Os peritos chegaram a trabalhar 12 horas por dia na identificação das vítimas. Sob macacões sintéticos especiais, toucas, botinas de borracha e máscaras feitas com filtro de carvão ativado — que ajudam a eliminar o odor e a diminuir o risco de contaminação —, precisavam, em média, de meia hora para analisar cada cadáver.
Tudo com muito cuidado, em função do estado dos corpos. Vários tecidos da pele humana foram tratados quimicamente em laboratório, desenvolvendo a aplicação de técnicas de desidratação e posterior coleta das impressões digitais.
Os outros 10% foram identificados pelo Instituto de Pesquisa de DNA Forense (IPDNA), que é referência no país: são cerca de 25 mil amostras de DNA cadastradas só no DF.
Sempre inovando
Para tornar a perícia mais especializada, pesquisas são frequentemente conduzidas dentro dos laboratórios. Um dos estudos mais famosos desenvolvidos por peritos brasilienses usa insetos encontrados dentro de pacotes de maconha apreendias no DF como os mais novos informantes do crime.
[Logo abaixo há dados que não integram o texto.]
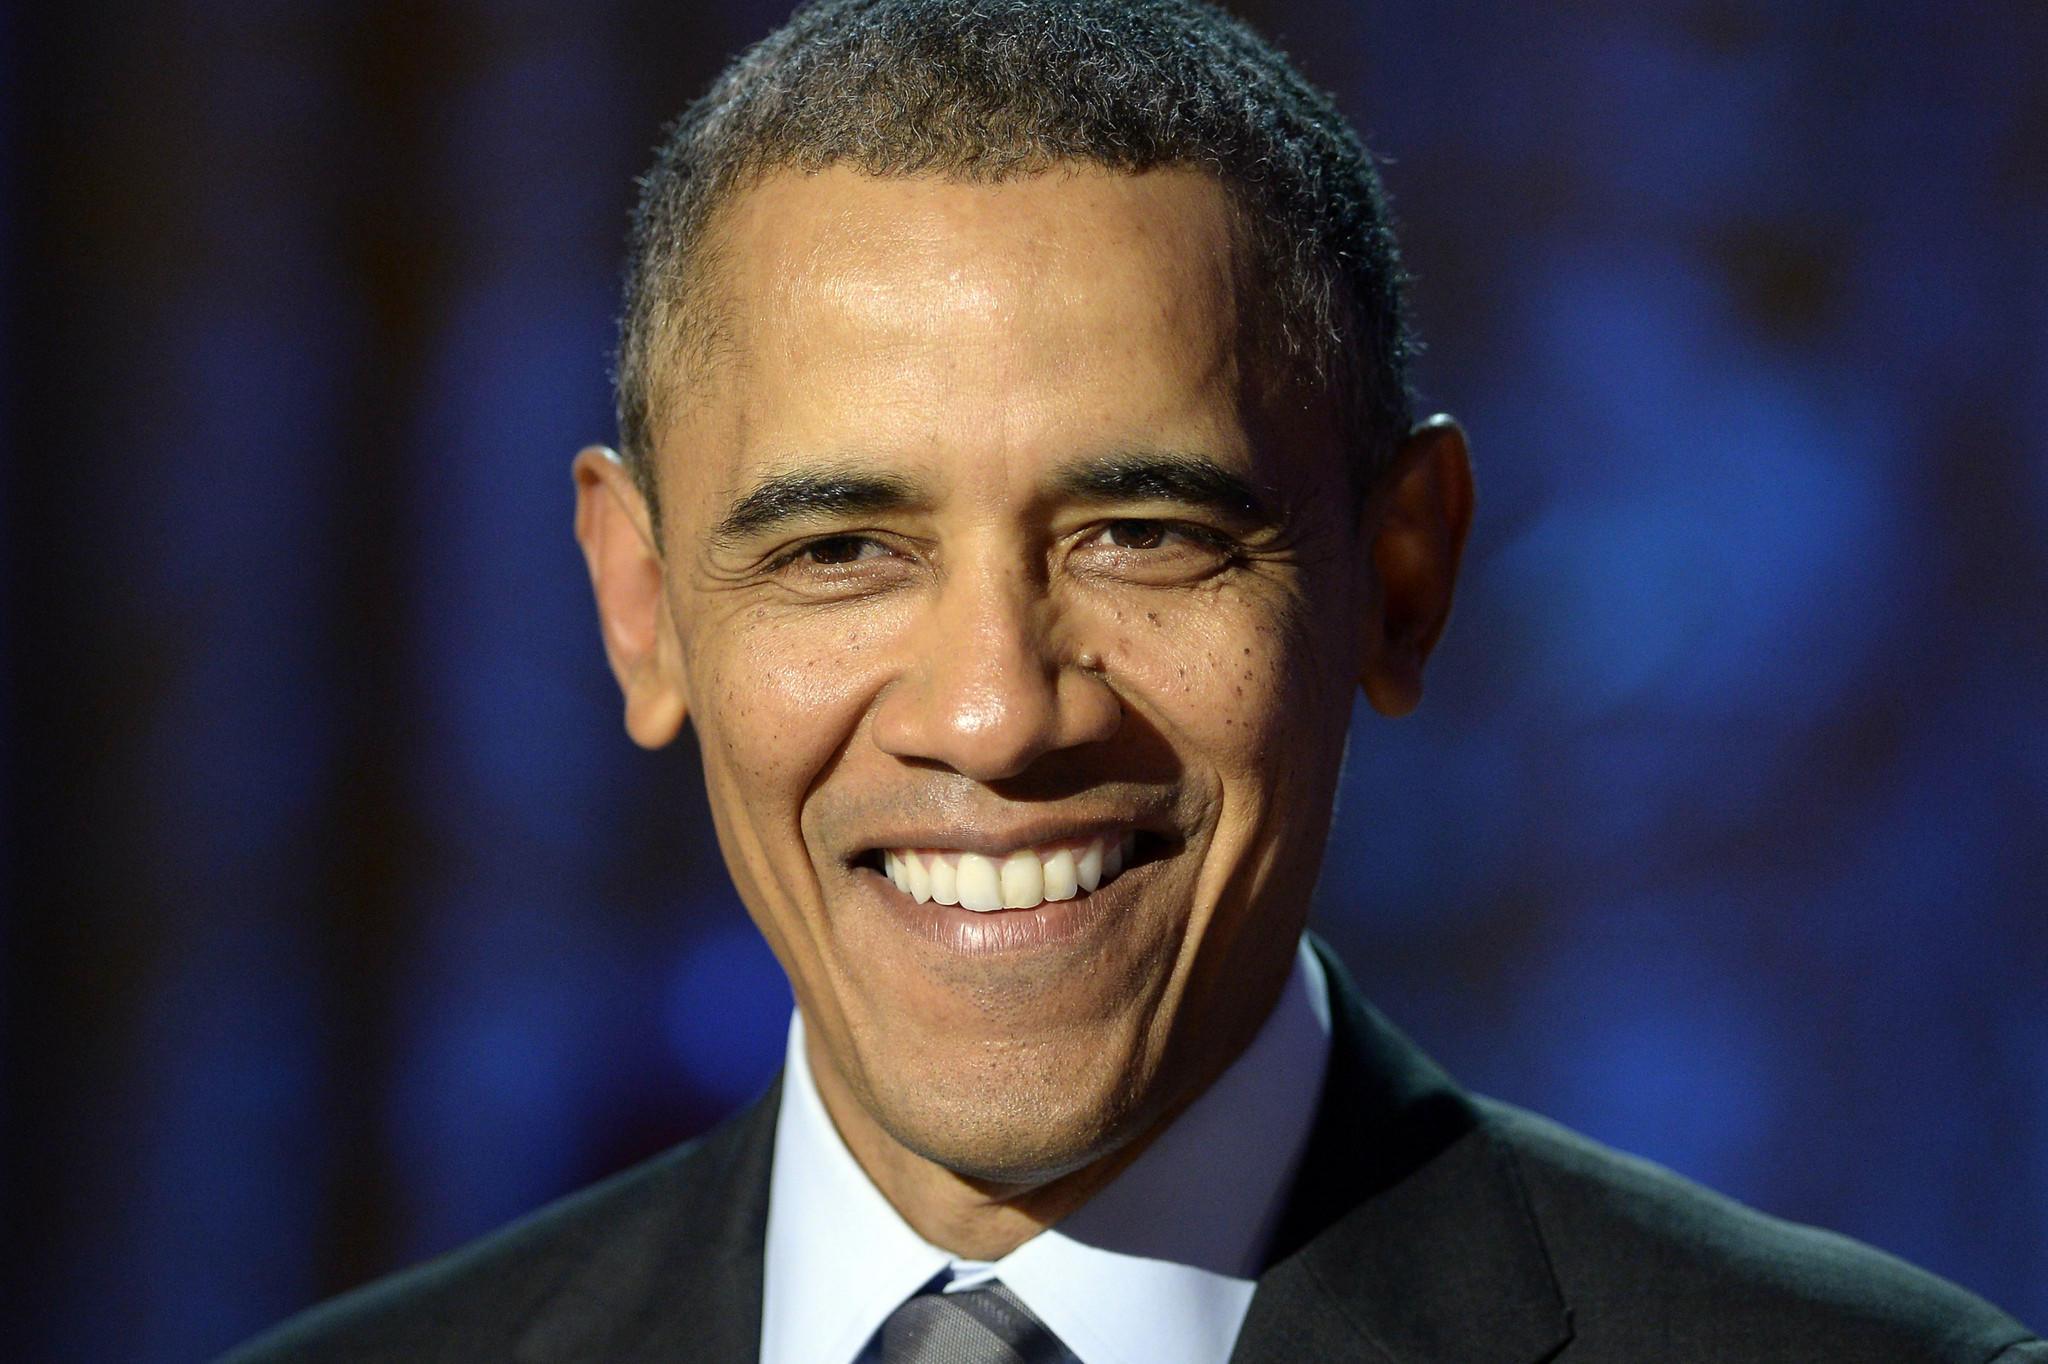 President Barack Obama at a White House event.

Essa foi a forma encontrada pelo perito criminal da Polícia Civil Marcos Patrício Macedo para provar que grande parte da maconha que chega em território candango é cultivada em Mato Grosso e em cidades paraguaias. A descoberta se transformou em pesquisa de mestrado elaborada pelo biólogo e perito, que analisou 10 quilos de maconha, resultado de duas apreensões no DF. “De pedaços de asas e patas até insetos inteiros, tudo é importante”, explica o pesquisador brasiliense, que encontrou 78 vestígios de insetos nas amostras analisadas.
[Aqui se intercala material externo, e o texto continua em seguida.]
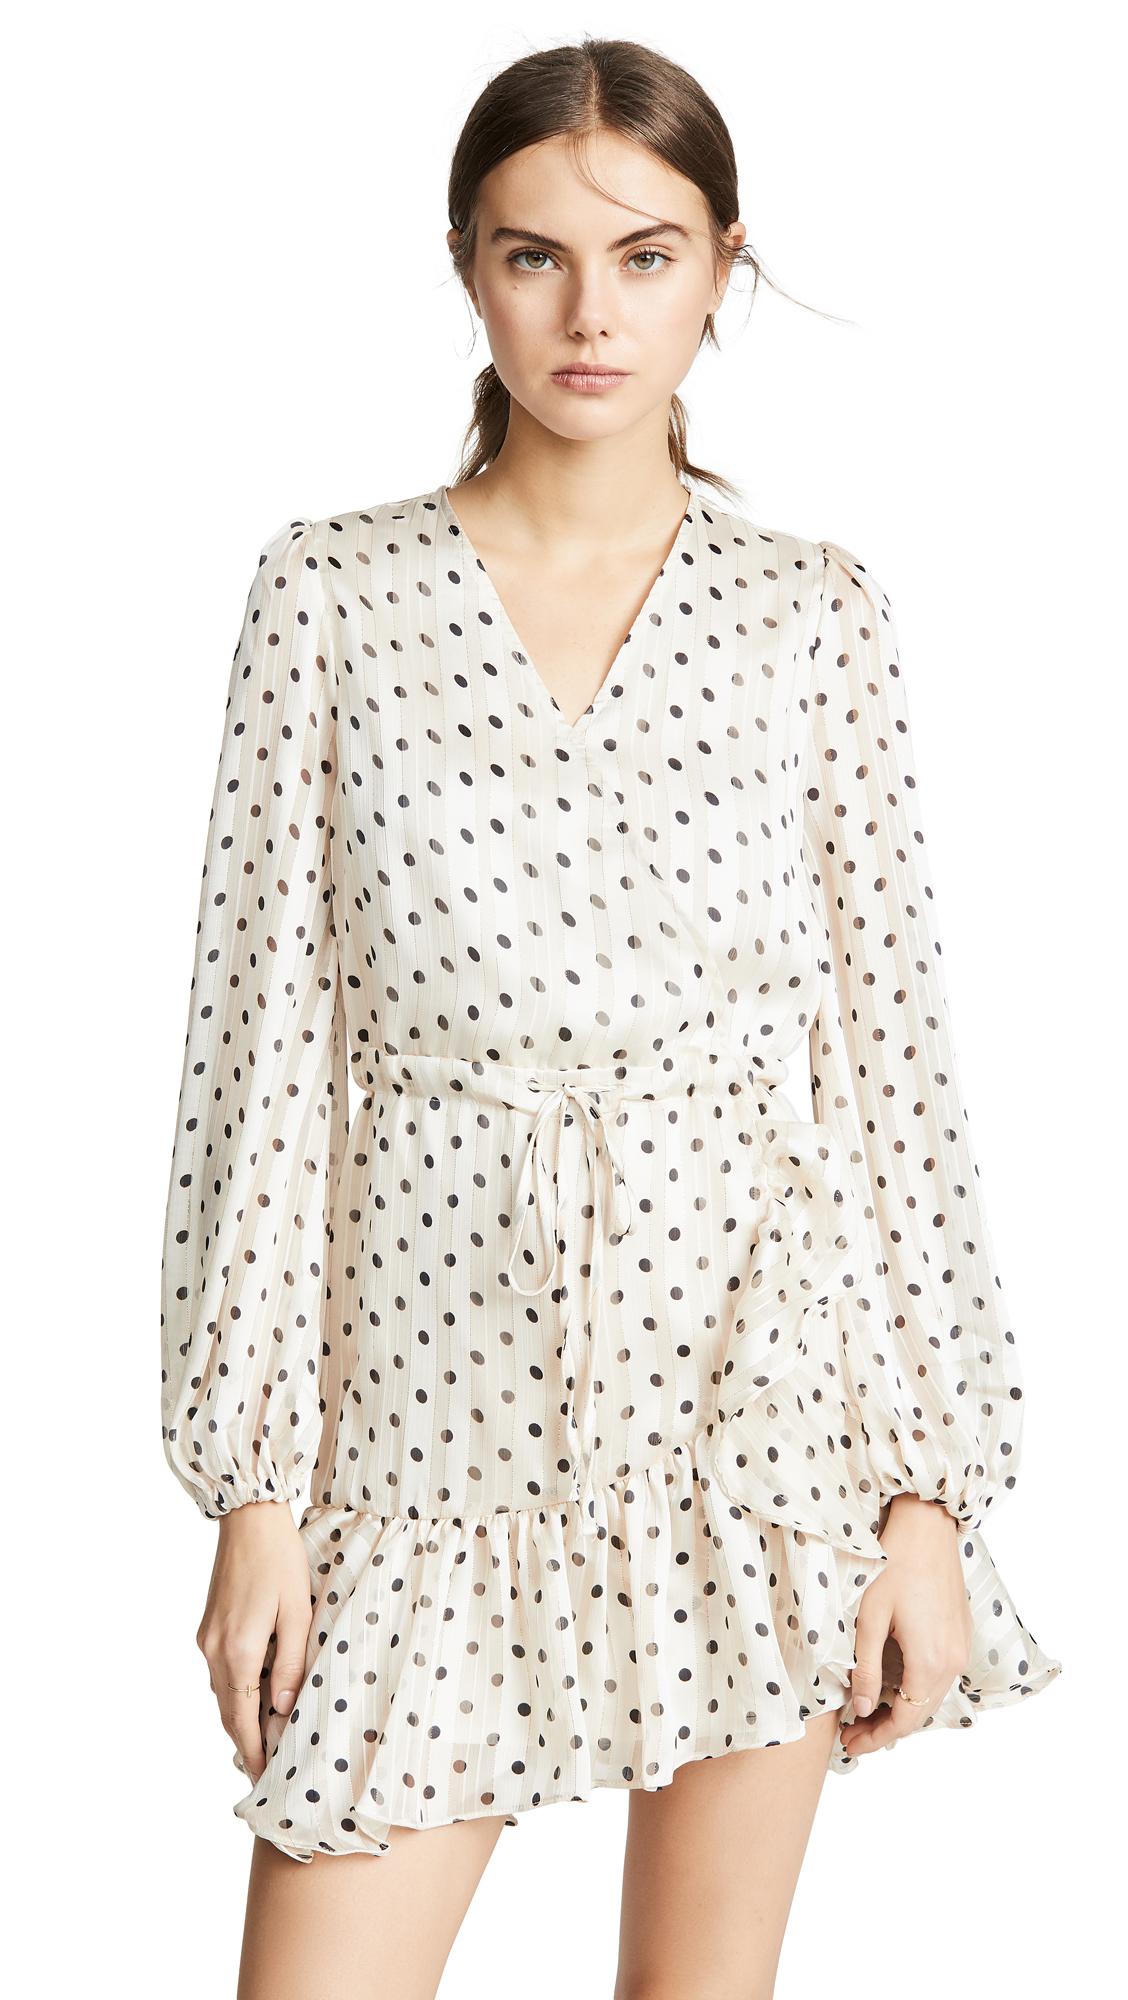 STYLEKEEPERS If You Dare Dress in Black Polka Dot

Segundo o perito criminal e ex-diretor do Instituto de Criminalística (IC) da Polícia Civil Celso Nenevê, trabalhos como esse servem para respaldar apurações feitas pelas divisões especiais que investigam o tráfico de drogas não apenas na capital da República, mas em todo o país. “Na verdade, essas pesquisas funcionam como uma espécie de mapeamento, que torna possível identificar os locais de produção das drogas. Assim fica mais fácil para a polícia direcionar determinada investigação de combate ao tráfico”, destaca.
Estilhaços
Uma das técnicas que também está sob estudo no IC terá a capacidade de apontar a autoria de crimes de trânsito de forma incontestável, mesmo se o veículo envolvido em um atropelamento, por exemplo, não estiver mais no local do crime. O ponto de partida será o estilhaço de vidro, comum em locais de colisões ou atropelamentos.
“Existe uma técnica muito usada nos EUA e em países europeus que consegue identificar que aquele pequeno estilhaço pertence ao para-brisas de um veículo específico. Cada um deles possui identidade própria, sequências moleculares únicas, como as impressões digitais, que nunca são iguais”, explica Celso Nenevê.
O equipamento se chama espectro de massa e já chegou a Brasília. Utiliza uma técnica bastante poderosa. “Assim, conseguimos colocar determinado veículo na cena do crime, mesmo que ele tenha fugido ou passado por consertos antes de ser analisado”, comemora.
Defasagem
Apesar de o Departamento de Polícia Técnica do DF ser um dos mais aparelhados do país, os peritos enfrentam, diariamente, uma defasagem no quadro de pessoal. Segundo a Associação dos Peritos Criminais do DF, são feitas, anualmente, 3,4 mil requisições para perícias em cenas de crimes contra a vida. Outros 8 mil procedimentos relacionados a delitos de trânsito e 30 mil envolvendo atos contra o patrimônio.
Segundo o presidente da associação, Bruno Telles, a defasagem no quadro não impede que o trabalho seja feito, mas a escala dos profissionais acaba sobrecarregada. “Seriam necessárias vagas extras, já que os últimos concursos serviram apenas para tapar buracos deixados pelos que se aposentaram. Só no IC, os 41 servidores que entraram em 2012 vieram para substituir 40 que haviam deixado a instituição”, lembra.
A saída, segundo Telles, seria abrir novas vagas e, pelo menos, triplicar o efetivo. “A taxa de criminalidade aumentou muito e, por consequência, o número de acionamentos para as perícias também. O quadro de peritos ficou parado no tempo”, completa.